4 entry daha
  • osur osur ipe diz, ser güneşte kurusun

    istisnasız hayatına dokunan tüm insanlara "hayatın değer verdiği insan" muamalesi yapar. neden diye sormaz, sebebini araştırmaz. insan olması yeter sebeptir, kurcalamaz. öte yandan bazı vakitlerde ayrık küme yapar kendini mahalle maçında kenarda bokuyla oynayan çocuk gibi takımdan ayrı düz koşu yapar diğer burç çevrelerinde. sebebi basittir; kötü örnektir çünkü. 3 güne bir seneyi, bir seneye bir ömrü sığdırabilecek kadar yoğun yasar duygularını. karşı tarafa da aynı yoğunlukta yaşatmak için içten yanmalı motor gibi gaza gelir, vites değiştirir en sonunda da panik yapar son sürat duvara vurur kendini. yüksek hızla seyirde yanında yolcu bulundurmadığından spatula ile kazır duvardan kendisini. akıllanır mı yok yine de akıllanmaz evrensel kümedir çünkü, vira der dümeni kırar yeni paylaşımlara yelken açar. belki de açmaz ne bileyim ben.

    bazen ayrık küme, bazen evrensel küme, bazen de kesişim kümesi olduğundan sebep sosyal ilişkilerinde küme elemanları ile ilişkilerinde zaten bulanık sularda yüzen balığın aklını daha da bulandırır. etrafı insanlar ile doludur. çoğu zaman bu durumdan hoşnutsuz olduğu açıktır ama karbondioksiti dışarı vermek yerine fotosentezi adet edindiğinden içine atar. çünkü fotosentez dünya varlığının sürmesi açısından hayati bir süreçtir. ağaçları kesmeyin. (kamu spotu)

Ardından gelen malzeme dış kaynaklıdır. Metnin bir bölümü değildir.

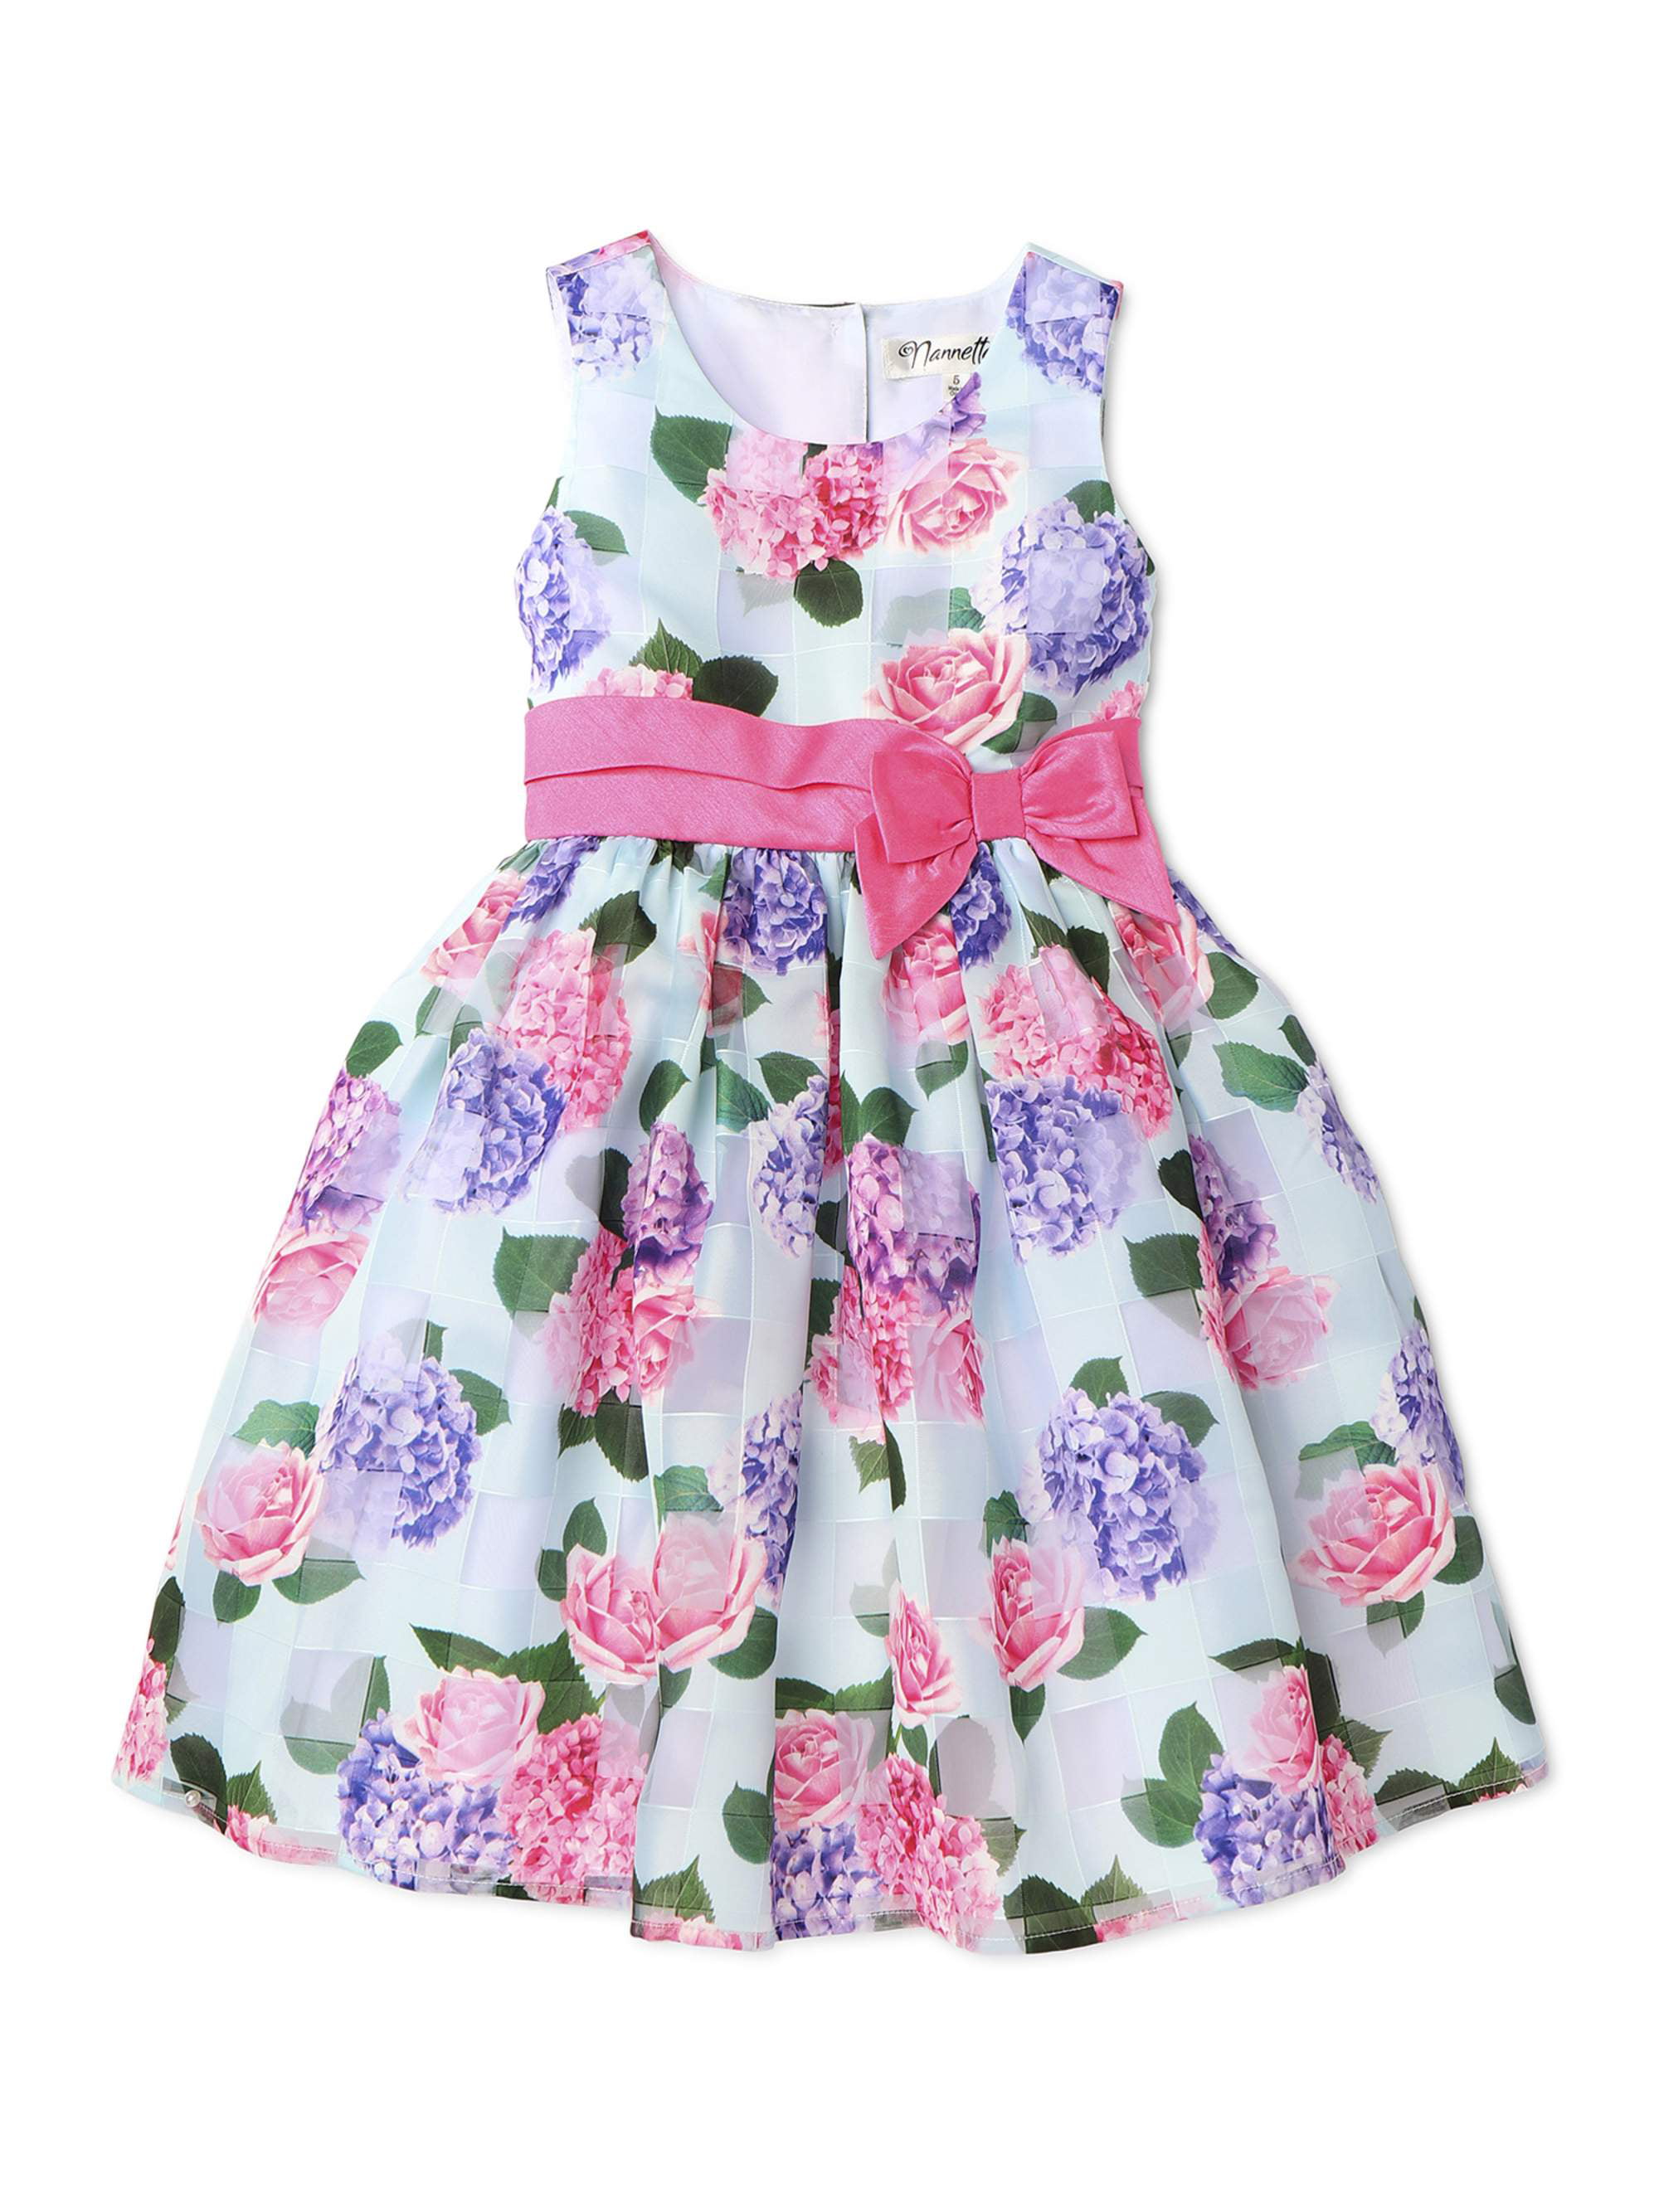 Nanette Girls Printed Jacquard Organza Easter Dress, Sizes 4-6X ...

    eğlencenin kaynağını bulmaya görsün bokunu çıkarmaya meyillidir, ama bu beş dakika sonra değişmeyeceği anlamına gelmez. zira ikizler burcunun simgesindeki diğer karakteri kıskanır bu durumu, dizginleri ele alır. her ne kadar çift karakterli ve dengesiz diye algılansa da aslında ikizler burcu çocuğunun simgesindeki bu iki açıdan olaylara bakış özelliği ona ayakları yere sağlam basan dengeli bir duruş vermiştir. zemine bu kadar tutunarak oturan bir figür ile anlatılması da bundandır. diğerleri olayları tek bir açıdan değerlendirip fevri kararlar alırken ikizler burcu çocuğu evvel önceki zamandan olayları iki farklı açıdan görebilme ve değerlendirebilme yeteneğine sahiptir. tabiii birileri akıllarını çelene kadar.

    bir adım atarken kırk kere düşünüyorsa attıktan sonra neden ben bu adımı attım, sol mu önce atılırdı sağ mı, ayakkabının içine neden çorap giymedim, giyseydim ne renk giymeliydim diye ilaveten kırk defa daha düşünür fikr-i firar hallerde ama filozof damgası yemeye fırsat vermeden, düşünen adamdan farklı olarak üstelik ardında tek bir kitap bile bırakamadan başka adımlar atmaya başlar, uçtan uça tepişen kendi fikirlerine tutunmak onu hayata tutundurur, kendisinden bile korur. oysa kimse bilmez ki "akıl olmayınca neylesin fikir?"